Selenoprotein P (SELENOP)

SELENOP is a secreted selenoprotein synthesized predominantly in the liver, so it accounts for almost 50% of the total Se in plasma. It contains more than one selenocysteine residue. SELENOP’s main function is the transportation of Se to peripheral tissues and preserving the function of said tissued under conditions of limiting Se. In zebrafish, SELENOP is a selenoprotein[27].
When analyzing Anarrhichtys ocellatus, we found two possible scaffolds. The scaffold ML171020.1 showed better E-value and identity at TBLASTN. The T-coffee for ML171020.1 showed also better score and alingnment of sequences, and both Sec residues aligned together. Moreover, the phylogeny study indicated that the sequence found in that scaffold was significantly more closely related to the zebrafish SELENOP. The predicted protein was slightly smaller than the one found in zebrafish but shows great similarity.
Seblastian predicted a known selenoprotein (SelP) and a grade A SECIS element at the 3’UTR region.
Taking all these data into account, we were able to determine that in Anarrhichtys ocellatus, SELENOP is a selenoprotein. Its gene is located in the forward strand and it has 4 exons. The SECIS element is found downstream in the same strand.

Selenoprotein R (MSRB)

MSRB stand for Methionine Sulfoxide reductases. These proteins are thiol-dependent enzymes that catalyze the conversion of methionine sulfoxide to methionine. Their function is to repair enzymes that protect proteins from oxidative stress. This family includes 4 proteins: MSRB1a, MSRB1b, MSRB2 and MSRB3[1,25,26].

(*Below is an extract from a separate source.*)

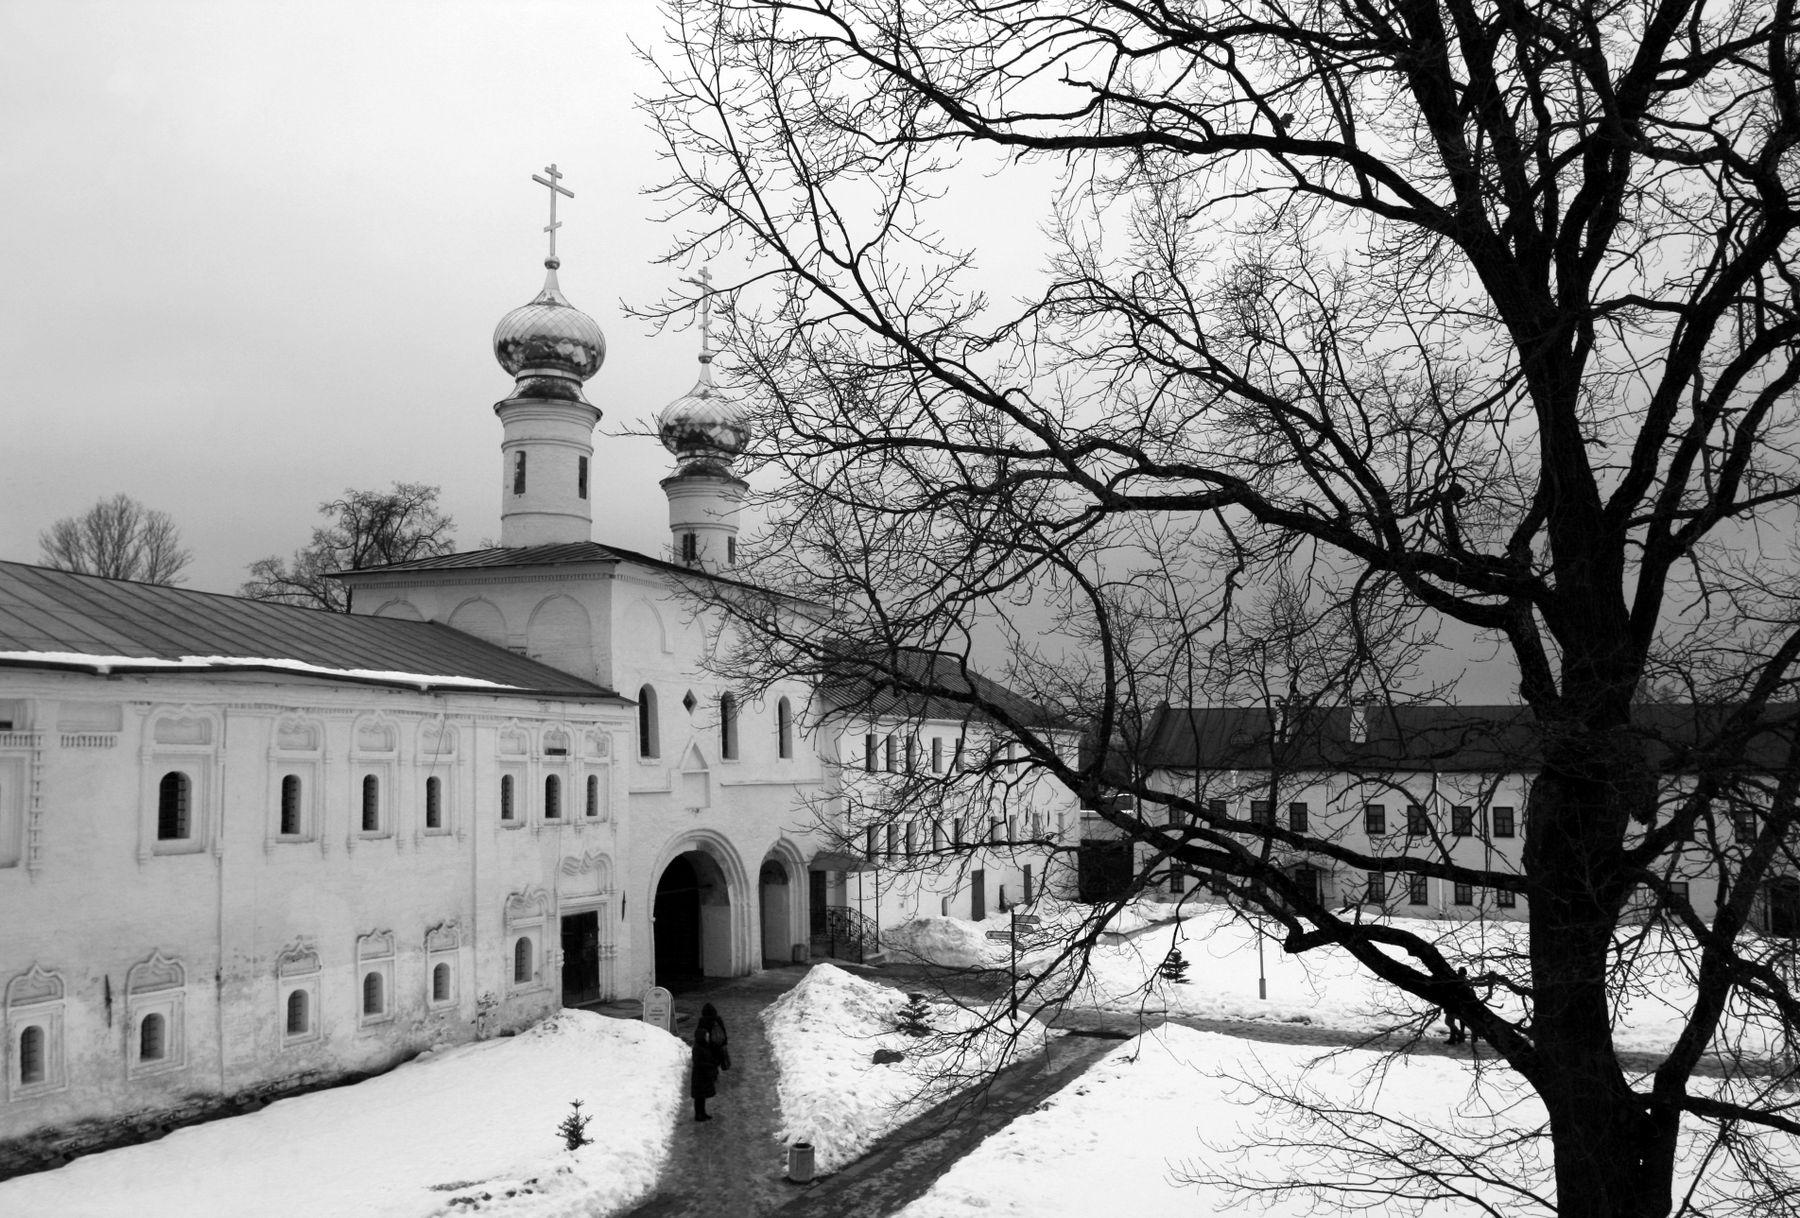 Тихвинский Успенский Богородичный монастырь Тихвинский Успенский Богородичный монастырь Златые Врата
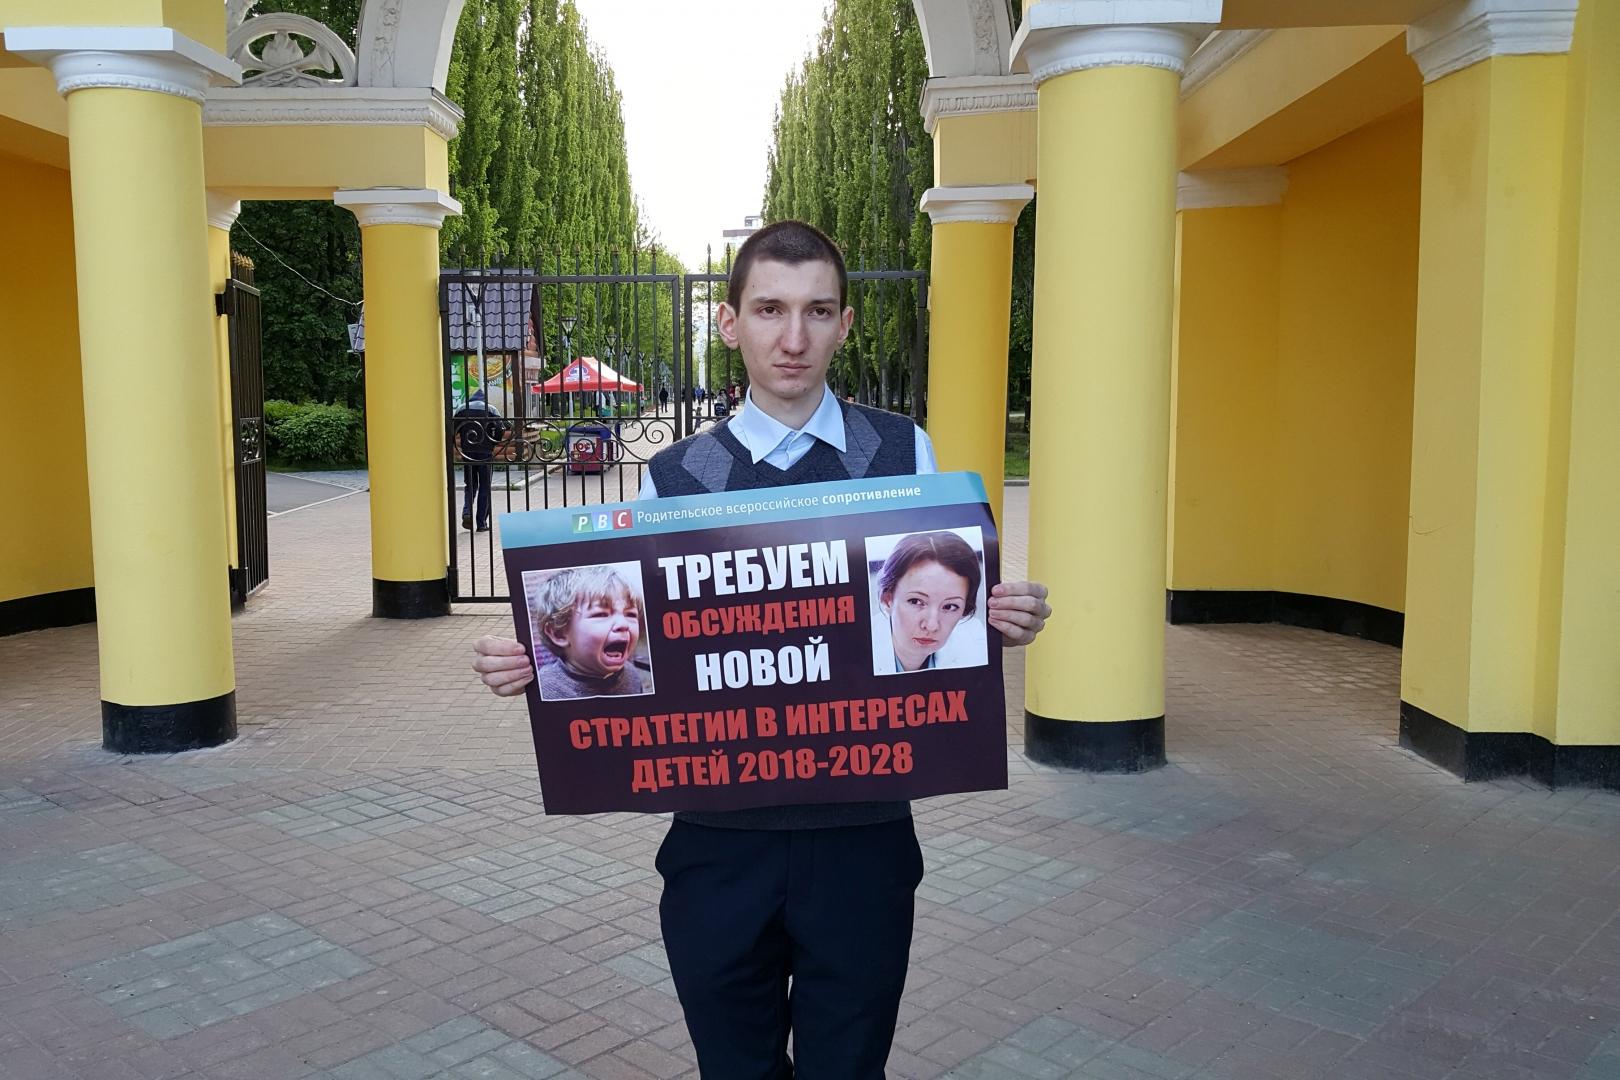 Пикет РВС у входа в парк имени Ивана Якутова, Уфа

MSRB1 localizes to the cell nucleus and cytosol and it is expressed in a variety of adult and fetal tissues such as liver and kidney. In zebrafish, both MSRB1a and MSRB1b are selenoproteins.

Looking for MSRB1a in our studied species, we found two possible scaffolds. The scaffold ML171065.1 and the other candidate (ML171007.1) showed similar results in the TBLASTN and the Tcoffee, in which both scaffolds showed a good alignment and the presence of the Sec residue in the same position as zebrafish. However, when we analyzed the phylogenetics, we found that ML171065.1 was more closely related to the same protein in zebrafish, so we chose that scaffold. The predicted protein was 6 amino acids shorter than the one extracted from zebrafish, possibly due to a misprediction from exonerate. Seblastian predicted the selenoprotein MSRB1a and a grade A SECIS element in the 3’UTR region.
Considering these results, we were able to determine that Anarrhichtys ocellatus has a Sec-containing MSRB1a located in the reverse strand of the scaffold ML171065.1. Its encoding gene has 4 exons and a grade A SECIS element next to the first exon in the same strand, at the 3’UTR region.

Similarly to MSRB1a, MSRB1b showed the same two potential scaffolds. Eventhough the results from TBLASTN and T-coffee were very similar, phylogeny indicated that the closest related to MSRB1b in zebrafish was the scaffold ML171007.1. Tcoffee showed a good alignment and the presence of selenocysteine at the same location as the zebrafish.
We found that the structure of MSRB1b gene resembled MSRB1a, as it also had 4 exons, but in this case, in the forward strand. The predicted protein was almost identical to MSRB1a and Seblastian predicted the selenoprotein and a SECIS element in the 3’UTR region. The only thing that differed from MSRB1a was the location, as the two proteins are found in two different scaffolds and in different strands.
Previous studies suggest that several selenoprotein genes are duplicated in bony fishes such as zebrafish or Anarrhichtys ocellatus, probably due to the whole genome duplication that took place in fish early in evolution[5]. These studies indicate that, in some fish, MRB1b is a selenoprotein generated by that duplication event. To our knowledge, this duplication can be confirmed in Anarrhichtys ocellatus, as MSRB1a and MSRB1b show very similar sequence and structure but are found in different regions of the genome[5].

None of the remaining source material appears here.